### [The data]
===

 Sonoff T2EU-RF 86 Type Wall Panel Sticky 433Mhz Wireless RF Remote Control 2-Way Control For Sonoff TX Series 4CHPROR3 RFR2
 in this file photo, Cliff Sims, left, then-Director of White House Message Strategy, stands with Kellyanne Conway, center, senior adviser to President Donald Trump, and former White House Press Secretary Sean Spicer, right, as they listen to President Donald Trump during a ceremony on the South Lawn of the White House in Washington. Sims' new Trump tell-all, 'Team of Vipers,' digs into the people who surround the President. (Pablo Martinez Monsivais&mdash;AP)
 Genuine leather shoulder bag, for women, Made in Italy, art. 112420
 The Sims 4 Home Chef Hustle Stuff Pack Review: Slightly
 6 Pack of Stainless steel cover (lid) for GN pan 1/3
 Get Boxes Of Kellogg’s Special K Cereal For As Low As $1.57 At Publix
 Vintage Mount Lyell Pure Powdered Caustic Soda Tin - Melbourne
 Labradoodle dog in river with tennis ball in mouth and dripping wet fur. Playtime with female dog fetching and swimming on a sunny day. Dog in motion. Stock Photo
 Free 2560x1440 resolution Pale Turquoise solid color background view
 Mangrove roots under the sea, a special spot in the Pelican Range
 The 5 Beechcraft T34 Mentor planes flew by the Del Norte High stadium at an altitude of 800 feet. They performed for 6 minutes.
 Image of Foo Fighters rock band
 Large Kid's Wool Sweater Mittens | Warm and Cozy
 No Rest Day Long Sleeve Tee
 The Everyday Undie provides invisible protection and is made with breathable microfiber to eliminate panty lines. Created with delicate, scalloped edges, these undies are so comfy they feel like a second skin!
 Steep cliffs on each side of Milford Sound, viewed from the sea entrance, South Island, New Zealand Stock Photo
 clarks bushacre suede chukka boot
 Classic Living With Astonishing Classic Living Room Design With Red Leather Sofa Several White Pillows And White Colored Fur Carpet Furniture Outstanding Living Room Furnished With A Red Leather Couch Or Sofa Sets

===

### [Instructions for the task]
Lines from the top of the entries through the line with "Free 2560x1440 resolution" are to be transcribed exactly, and nothing more.

### [Written reply]
 Sonoff T2EU-RF 86 Type Wall Panel Sticky 433Mhz Wireless RF Remote Control 2-Way Control For Sonoff TX Series 4CHPROR3 RFR2
 in this file photo, Cliff Sims, left, then-Director of White House Message Strategy, stands with Kellyanne Conway, center, senior adviser to President Donald Trump, and former White House Press Secretary Sean Spicer, right, as they listen to President Donald Trump during a ceremony on the South Lawn of the White House in Washington. Sims' new Trump tell-all, 'Team of Vipers,' digs into the people who surround the President. (Pablo Martinez Monsivais&mdash;AP)
 Genuine leather shoulder bag, for women, Made in Italy, art. 112420
 The Sims 4 Home Chef Hustle Stuff Pack Review: Slightly
 6 Pack of Stainless steel cover (lid) for GN pan 1/3
 Get Boxes Of Kellogg’s Special K Cereal For As Low As $1.57 At Publix
 Vintage Mount Lyell Pure Powdered Caustic Soda Tin - Melbourne
 Labradoodle dog in river with tennis ball in mouth and dripping wet fur. Playtime with female dog fetching and swimming on a sunny day. Dog in motion. Stock Photo
 Free 2560x1440 resolution Pale Turquoise solid color background view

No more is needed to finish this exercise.